In former times, fishing with nets involved smaller groups of people, working in a co-operative way. We know about this sort of fishing from the Bible, from the stories in the gospels of Jesus and his disciples on the Sea of Galilee, letting down their nets and bringing their catch to shore. Often, it seems to have been most successful when there was someone on the shore who could spot the shoal of fish, and direct the fishermen where to drop the net for best effect.

Local churches engage in this sort of ‘fishing for people’ when they put on events or services for particular groups of people, for children or teenagers, for the bereaved, for those who are attracted by a different sort of spirituality, like Taize services. Such services require thought and careful planning, and co-operation between many people, to target groups of people in the right way. All of us, as part of the fishing team in our own congregation, have our part to play in contributing to the success of this kind of ‘fishing for people’.

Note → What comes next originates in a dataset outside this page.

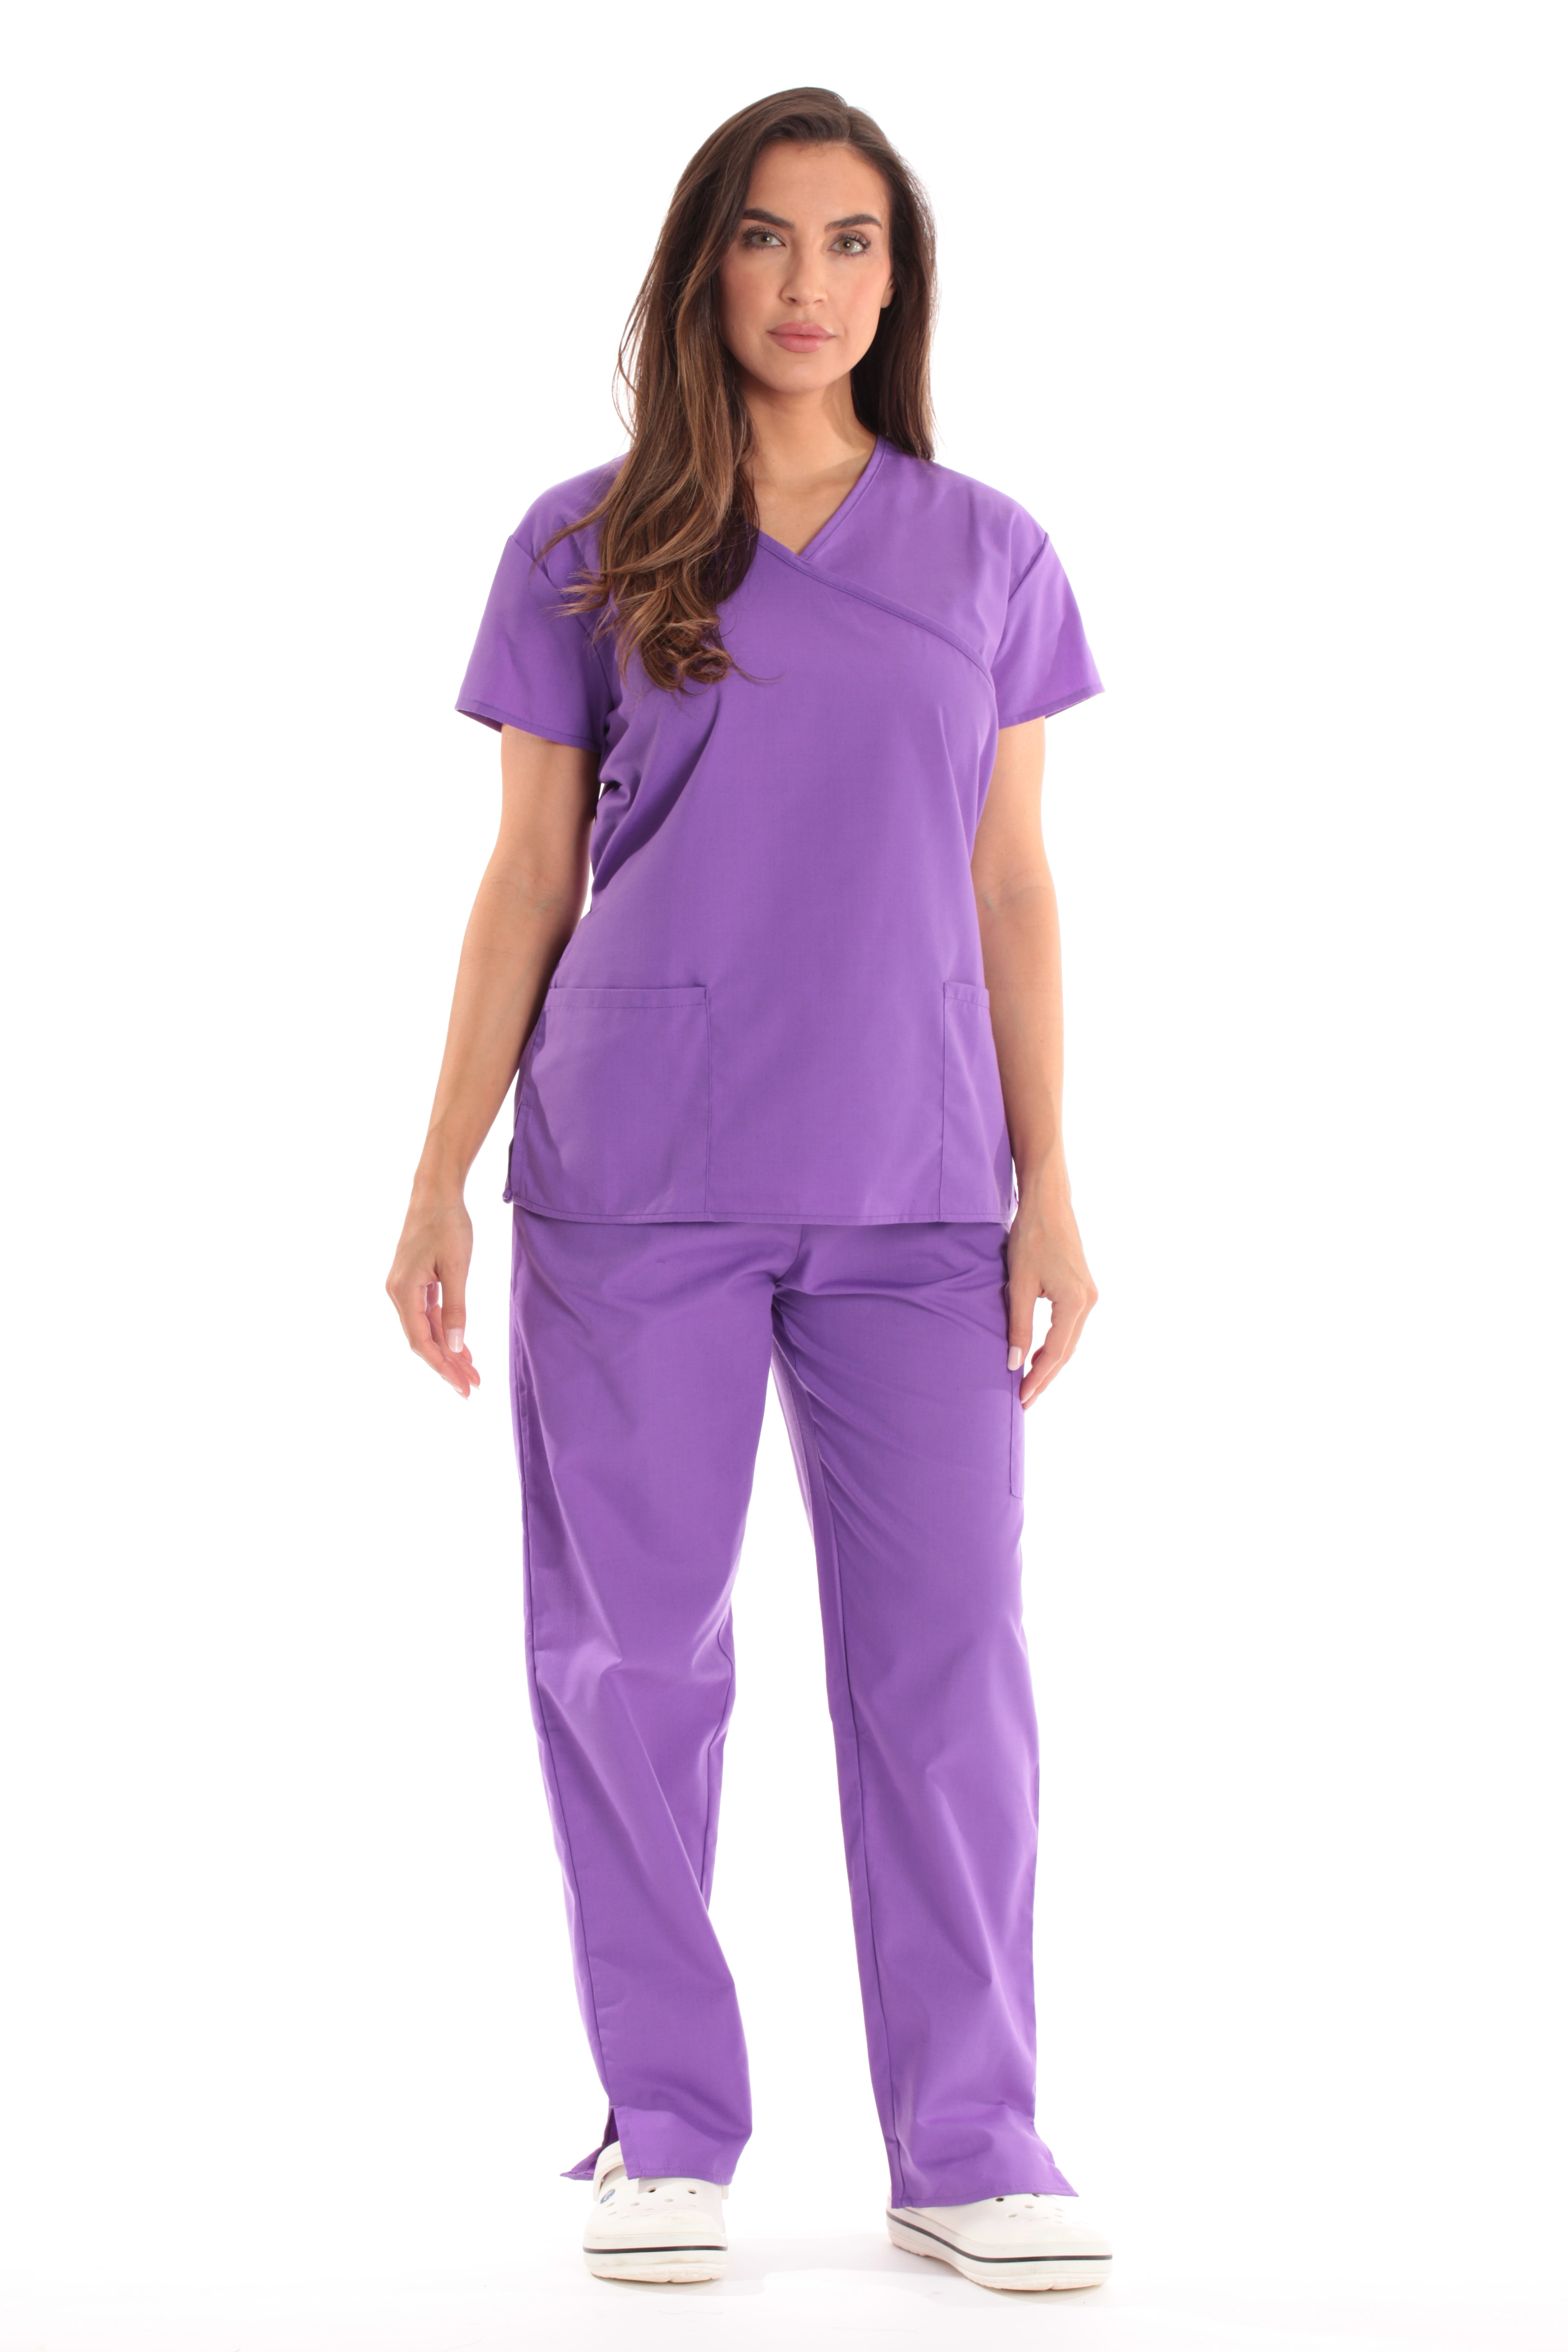 Just Love Women's Medical Scrub Sets - Mock Wrap Scrubs with Comfortable  Functionality (Jade With Jade Trim, Medium) 
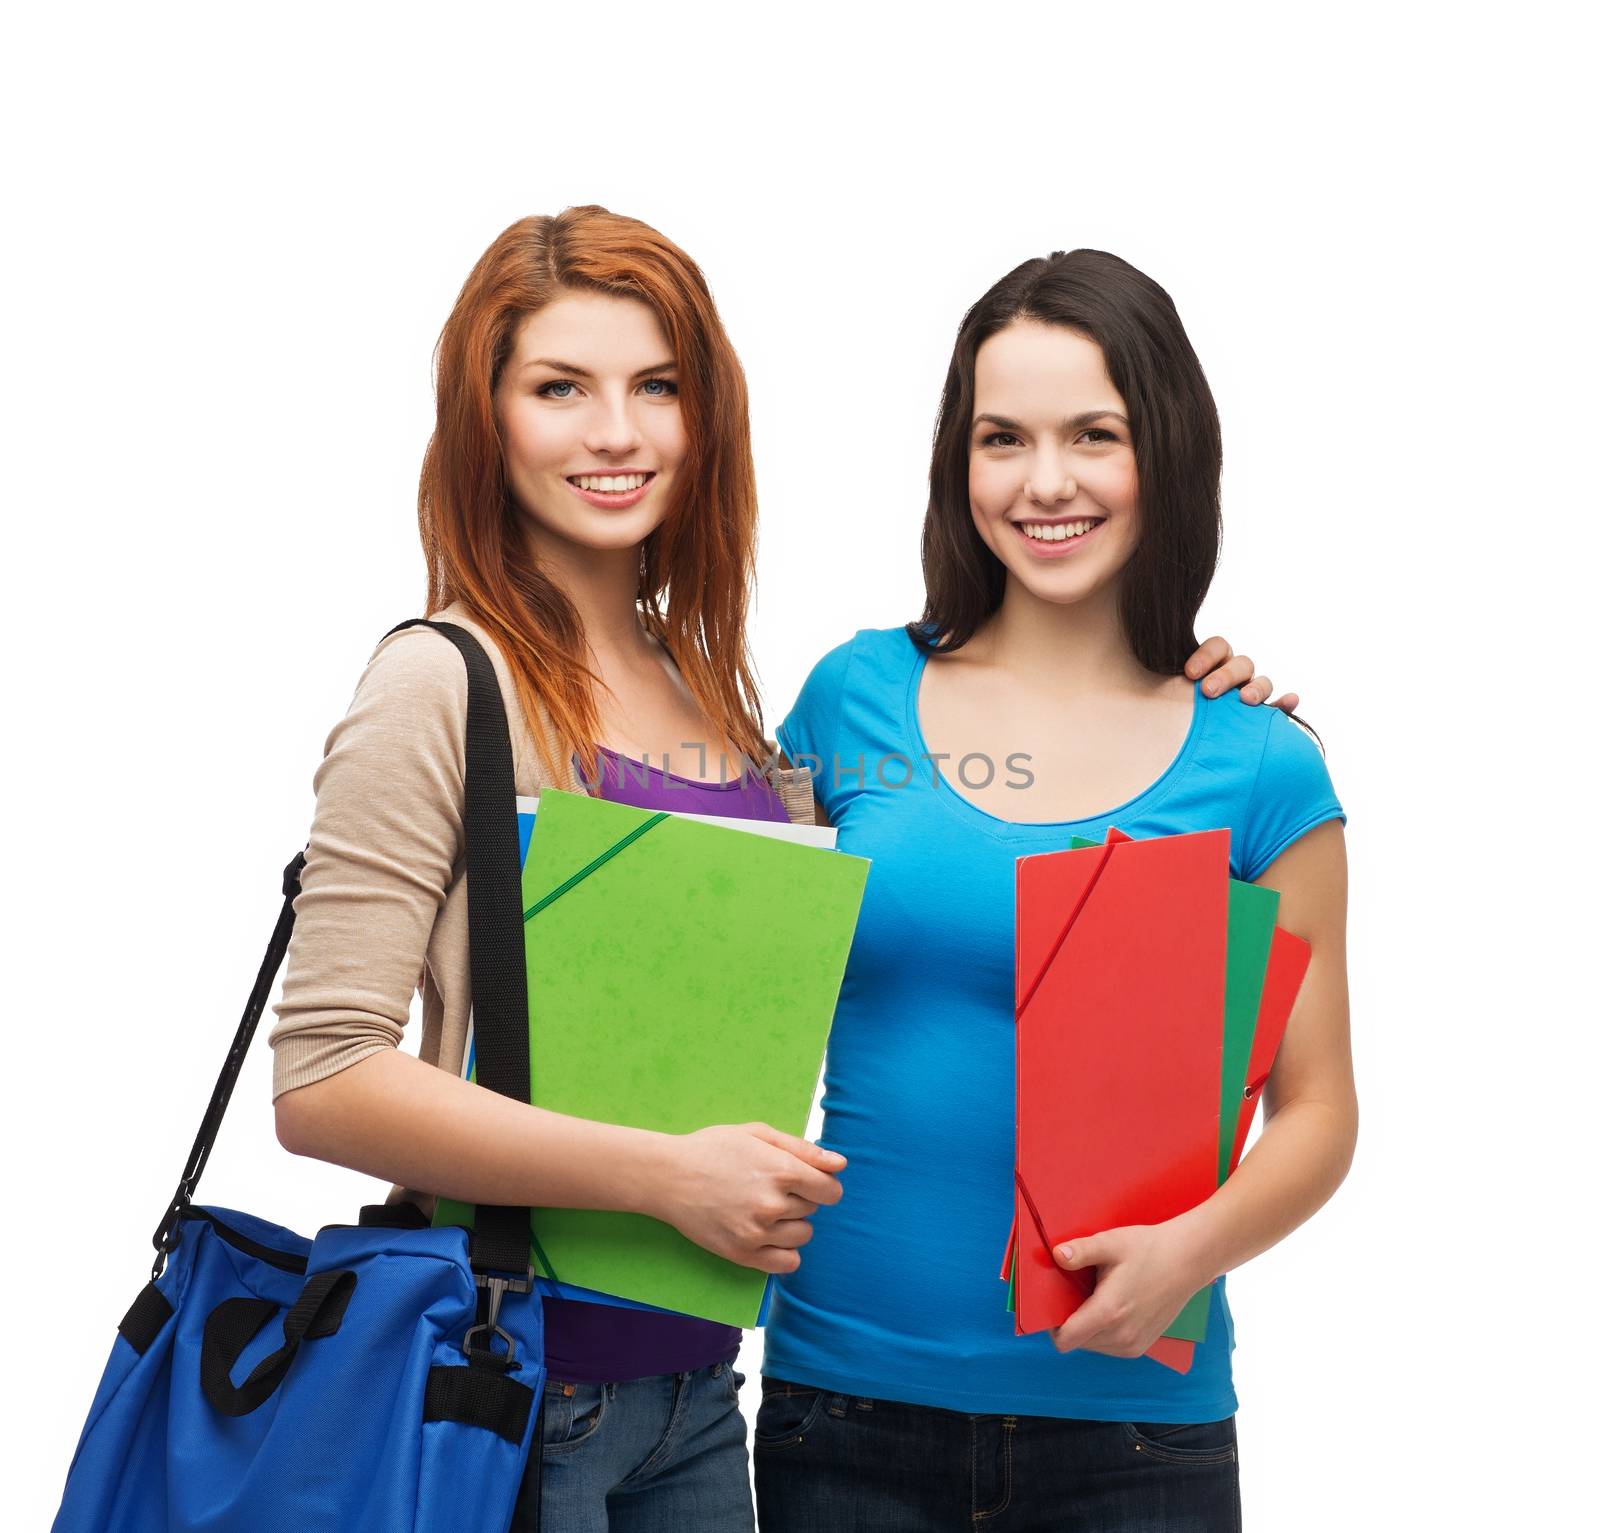 two smiling students with bag and folders by dolgachov

But most of the fishing that we see around here – along the banks of the canal, or in the local reservoirs for instance, is done by people working alone- one person, catching one fish at a time. There are various levels of expertise at this, from the fly fishers, where the design of the fly, the design of the equipment and cast of the line is all important – to the weekend fisherman, who goes off to sit by the canal with a box of maggots.

But we can all engage in this sort of one to one ‘fishing for people’ in the ponds and rivers we know best – the places where we live and work and spend our leisure time.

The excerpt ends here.